## WHAT YOU SHOULD DO
Go to the line holding "Ride the Lightning Necklace" in the data below and repeat it exactly, then each line after it up to and including the one holding "Green clover leaves". Omit pictures.
═══ RECORDS TO PROCESS ═══
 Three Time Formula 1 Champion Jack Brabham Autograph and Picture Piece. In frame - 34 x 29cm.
═══
═══ RECORDS TO PROCESS ═══
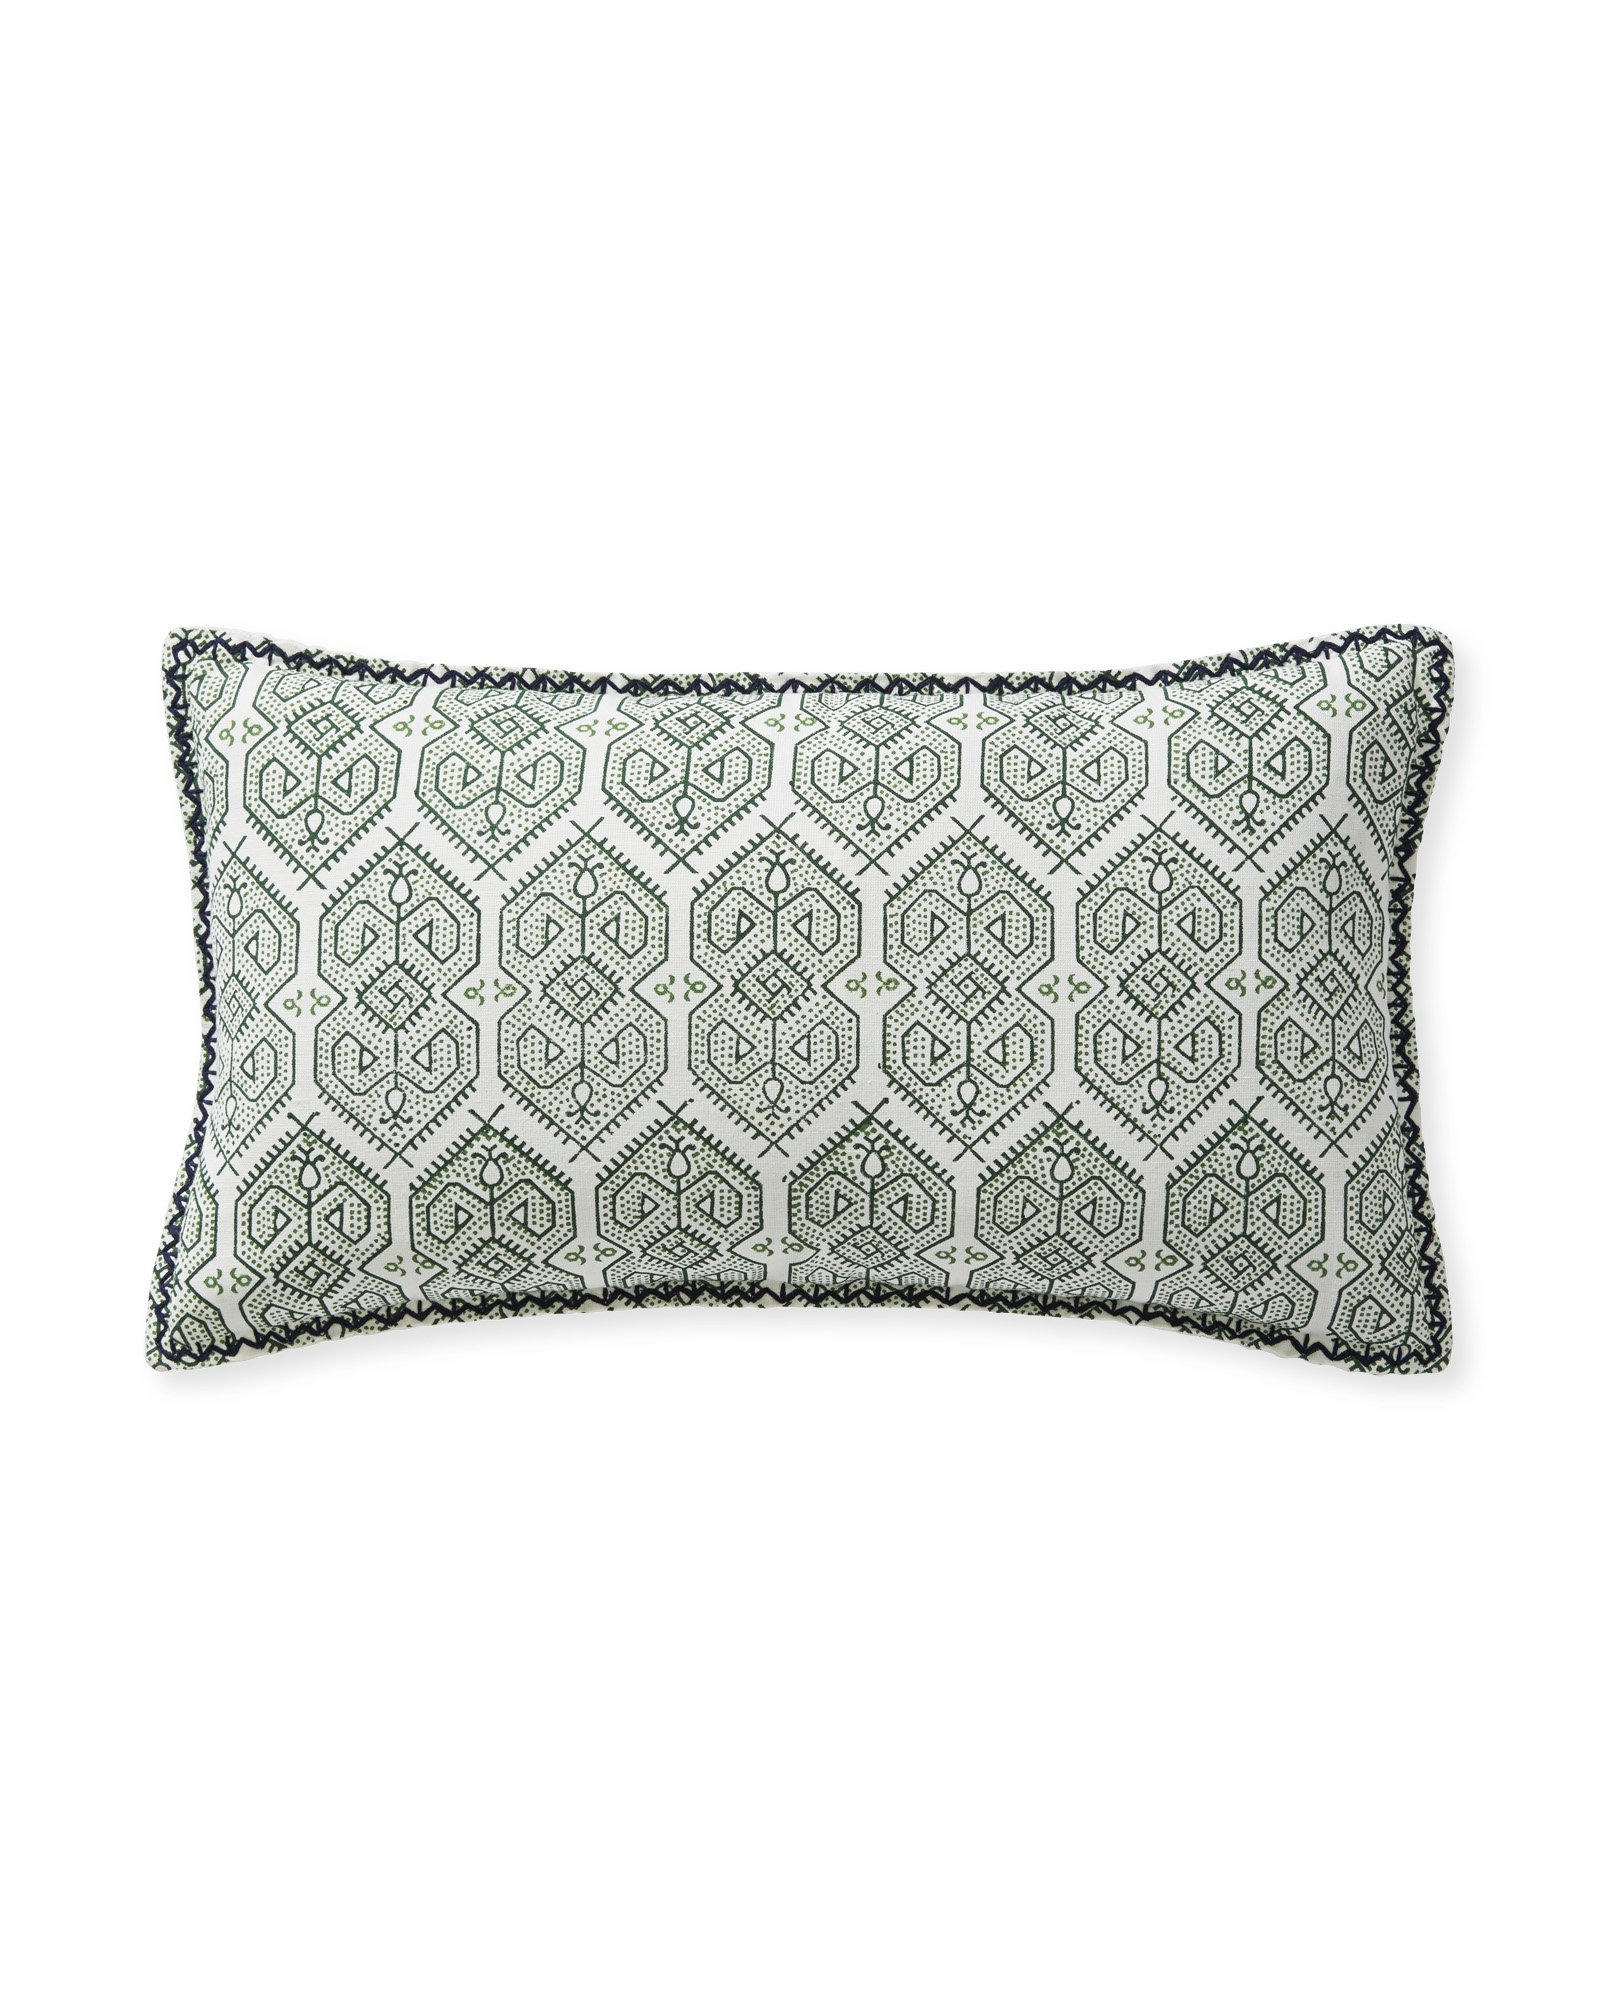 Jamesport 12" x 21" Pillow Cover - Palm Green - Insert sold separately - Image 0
═══
═══ RECORDS TO PROCESS ═══
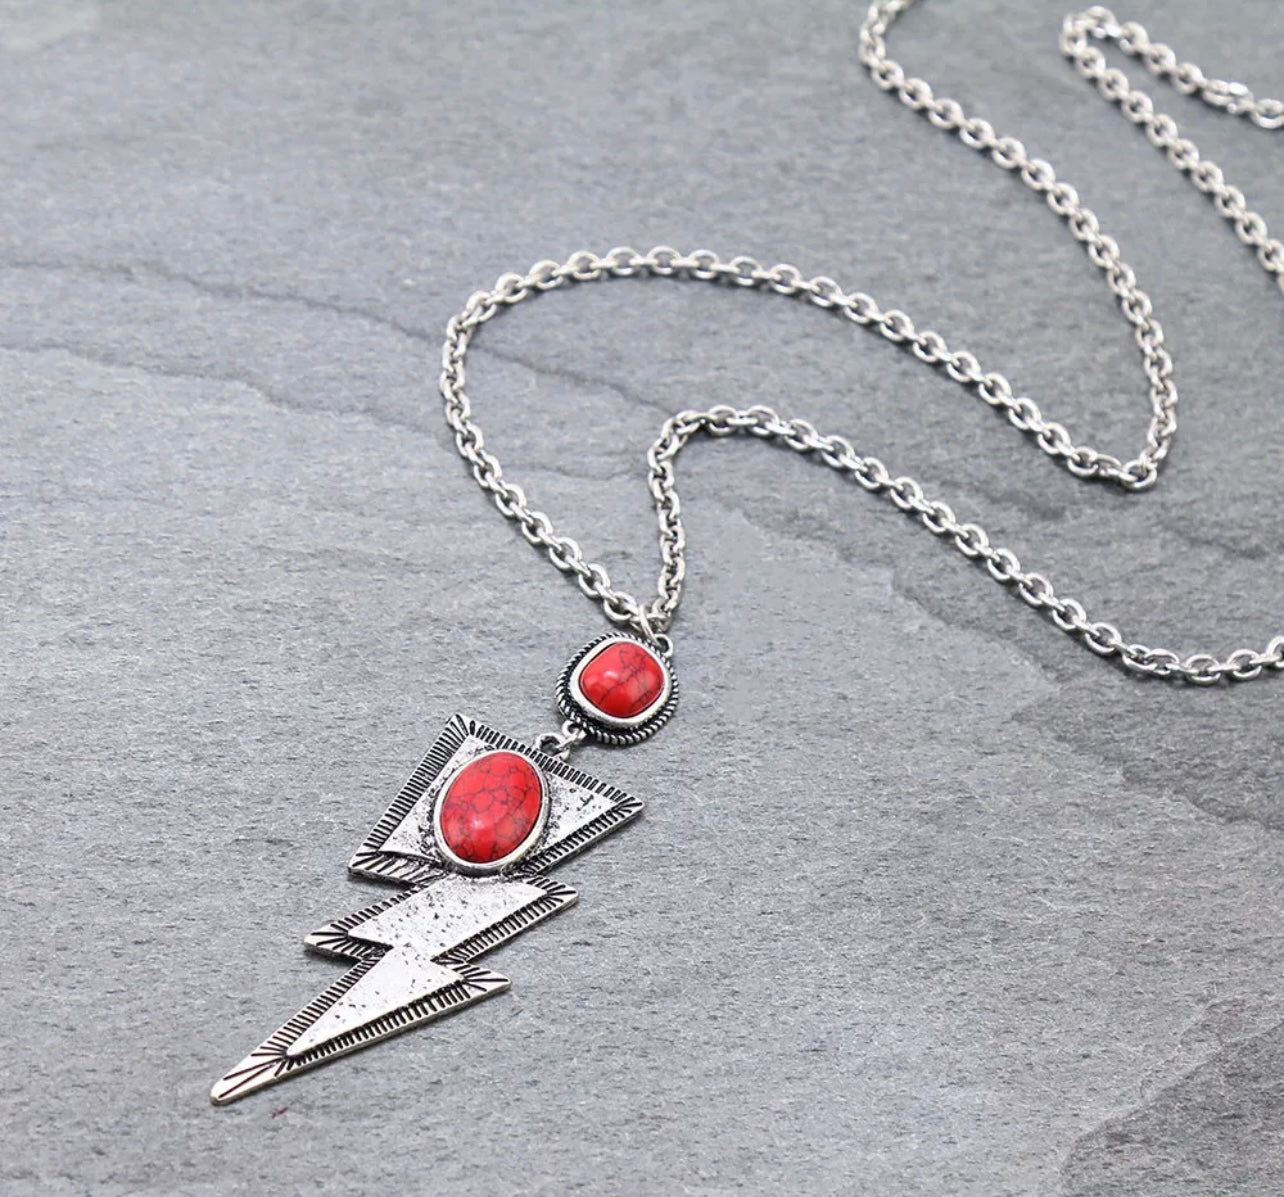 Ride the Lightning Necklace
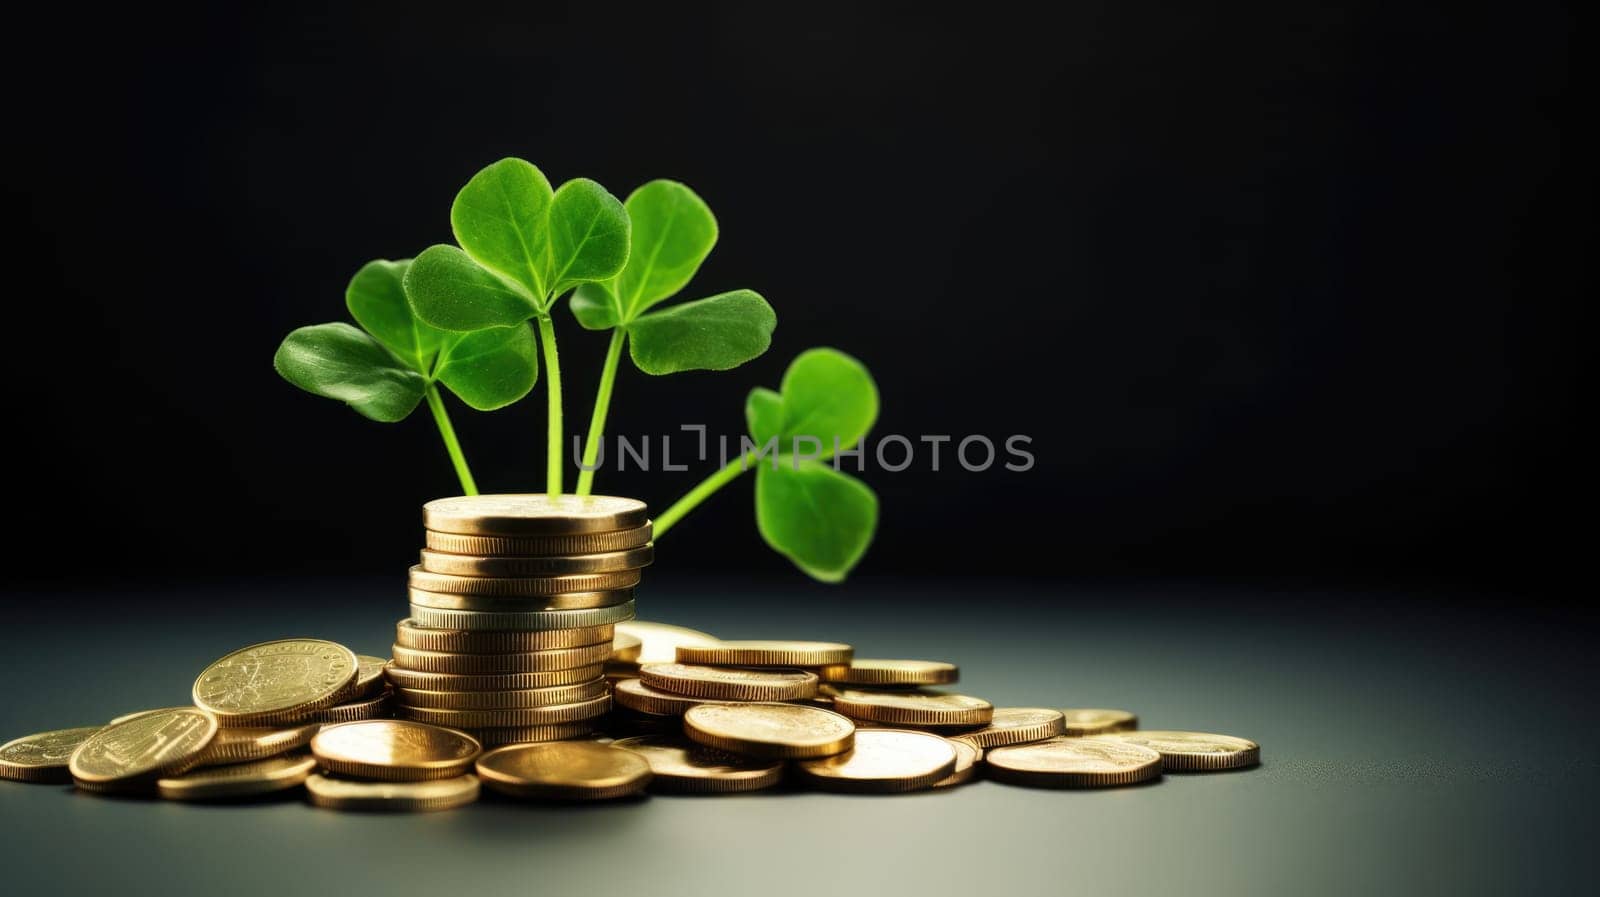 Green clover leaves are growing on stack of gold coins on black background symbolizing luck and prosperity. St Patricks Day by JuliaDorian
═══
## ANSWER TO THIS PROBLEM
 Ride the Lightning Necklace
 Green clover leaves are growing on stack of gold coins on black background symbolizing luck and prosperity. St Patricks Day by JuliaDorian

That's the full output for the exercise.